There are a number of biological mechanisms through which greater time spent standing may lead to a reduced risk of chronic diseases. Standing may have a measurable impact on important metabolic processes, especially those related to glycemic control and lipoprotein metabolism. In comparison to a day of prolonged sitting, Latouche et al. showed that a day which incorporates light intensity activity breaks results in increased expression of genes related to lipid and carbohydrate metabolism in skeletal muscle [36]. Similarly, Hamilton et al. reported that standing results in large increases in lipoprotein lipase activity when compared to prolonged sedentary behavior in animal models [37]. In addition to any direct metabolic impact, standing may also be associated with reduced weight gain by slightly but consistently increasing energy expenditure, as suggested by the results of Buckley et al. [20].

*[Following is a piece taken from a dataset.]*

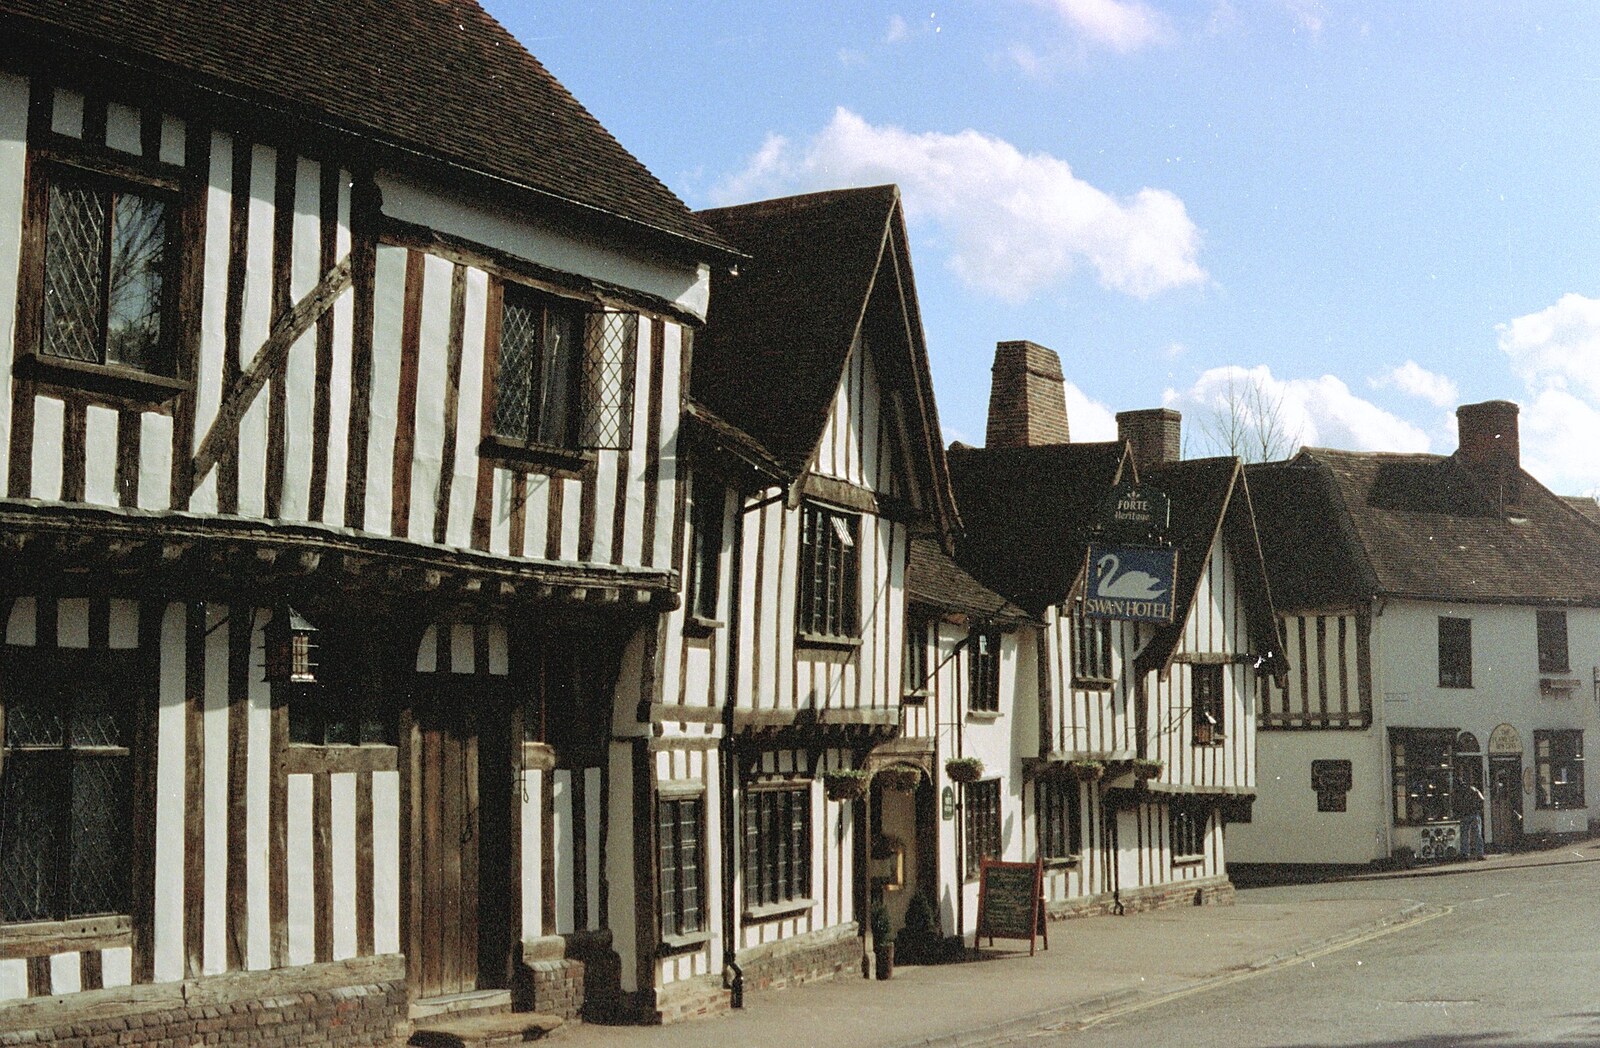 The Swan Hotel, Lavenham from Mother and Mike Visit, Lavenham, Suffolk - 14th April 1996

There are several strengths and limitations of this study that warrant discussion. Strengths of this study include its longitudinal design and the adjustment for important variables that could confound the relationship between standing time and the incidence of chronic diseases (e.g. caloric intake, cardiorespiratory fitness and socioeconomic status). Furthermore, data were obtained from both men and women and we used an approach that should minimize confounding with repeated measures (baseline and year 6). However, our results need to be interpreted in light of the following limitations. First, the relatively small sample size limits statistical power and more high quality and well powered studies are needed to better appreciate the influence of standing time on the development of chronic diseases. The present study should thus be seen as an exploratory analysis which needs to be replicated in larger cohorts. Second, the exposure variable (standing time) was self-reported from a questionnaire and its validity is uncertain. Our findings are also limited to occupational standing, as opposed to total standing time. Third, the level of movement/activity while standing was not known and some people may have been more active than others during this period. Fourth, the external generalizability of our findings may be restricted to adults of Western European descent. Finally, the possibility of residual confounding by unmeasured variables is always a possibility in observational studies.

Conclusions

In summary, the present study is the first to examine the association between occupational standing time and the incidence of OW/OB and IGT/T2D in adults. Our results suggest that standing time alone is not sufficient to prevent the incidence of OW/OB and IGT/T2D, which has implication for the risk of other chronic diseases. Replication studies with longer follow-up periods and larger sample sizes are needed to better understand the potential benefits of higher amounts of standing time throughout the day on the prevention of chronic diseases.